App. 463, 469, 831 S.E.2d 878, 883 (2019). As this Court has previously held, a trial
court “may appropriately conclude that [a] child is neglected” only when “a parent
has failed or is unable to adequately provide for his [or her] child's physical and
economic needs, . . . and it appears that the parent will not or is not able to correct
those inadequate conditions within a reasonable time.” In re Montgomery, 311 N.C.

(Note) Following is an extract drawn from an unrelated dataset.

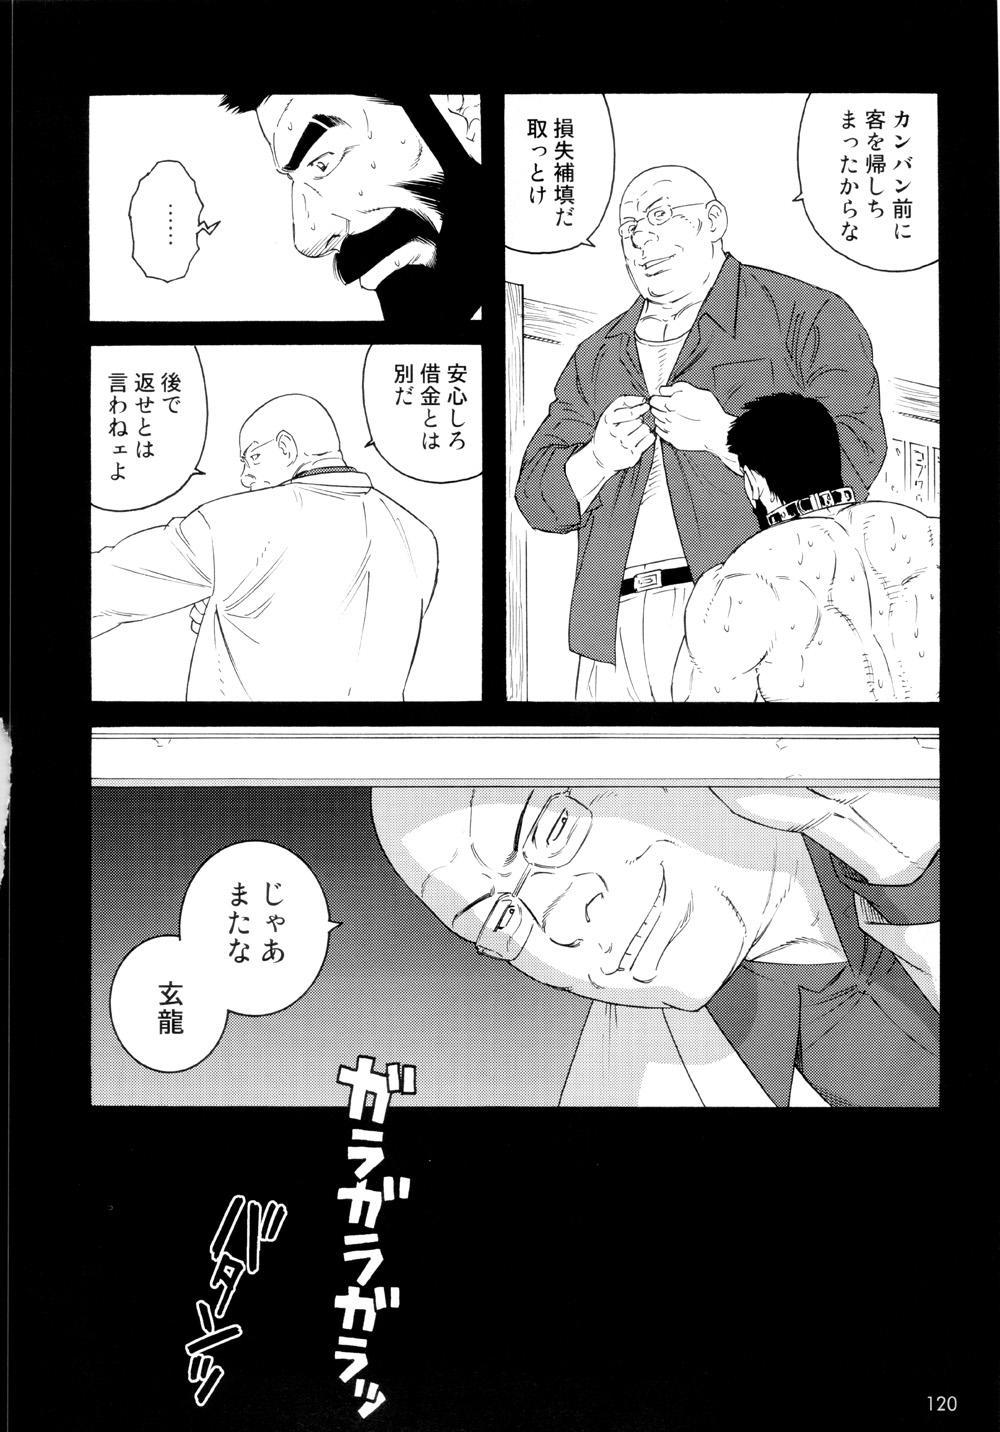 Genryu Chapter 2 13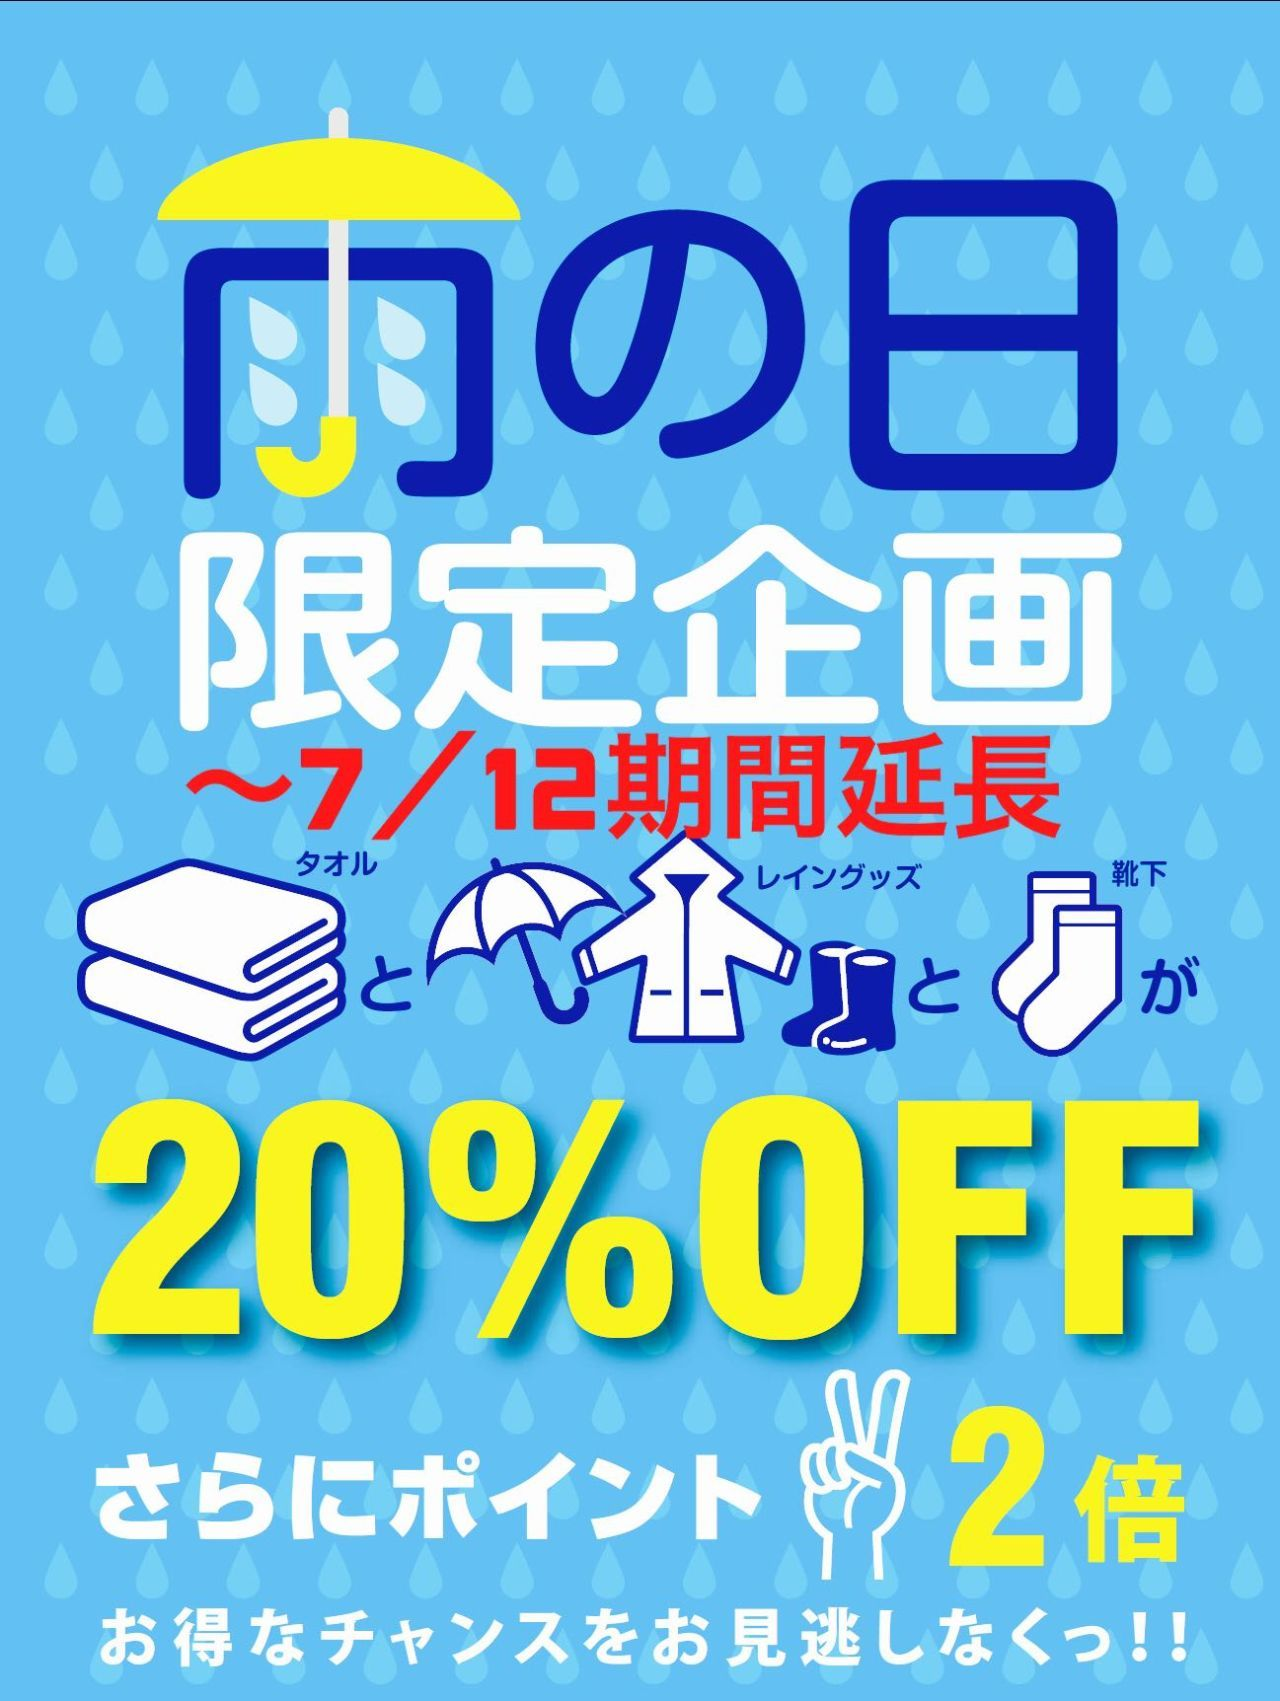 「【20%OFF】雨の日限定キャンペーン【期間延長】」の写真

at 109, 316 S.E.2d at 252. In the present case, while there is evidence to support a
conclusion that there are conditions in respondent-mother’s life that might make it
difficult for her to attend to her children’s needs, there is not clear, cogent, and
convincing evidence that these conditions make it likely that she will provide
inadequate care.
With regards to at least some of the relevant conditions, such as her present
lack of suitable housing or her ability to provide financially for her children, the
evidence indicates that she will be able to correct those inadequate conditions within
a reasonable time. Although there may be a possibility that respondent-mother will
face difficulties in adequately caring for her children, a mere possibility of future
neglect is an insufficient basis upon which to permanently sever the parent-child
bond. Cf. In re J.A.M., 372 N.C. 1, 9, 822 S.E.2d 693, 698 (2019) (when making
“predictive” judgments about the future, “the trial court must assess whether there
is a substantial risk of future . . . neglect of a child”) (emphasis added); In re F.S., 268
N.C. App. 34, 43, 835 S.E.2d 465, 471 (2019) (“[T]he trial court must assess and find
the probability that there is substantial risk of future neglect.”). In the present case,
the evidence simply does not support the conclusion that respondent-mother is likely
to neglect her children in the future, nor does it support the conclusion the dissent
reaches that “a decision to return the children to her care would almost certainly be
doomed to failure.” Accordingly, I dissent from the majority’s decision to affirm trial
court’s adjudication of neglect pursuant to N.C.G.S. § 7B-1111(a)(1) as grounds to
terminate respondent-mother’s parental rights, and I would not reach the question of
whether termination was in the best interests of the children.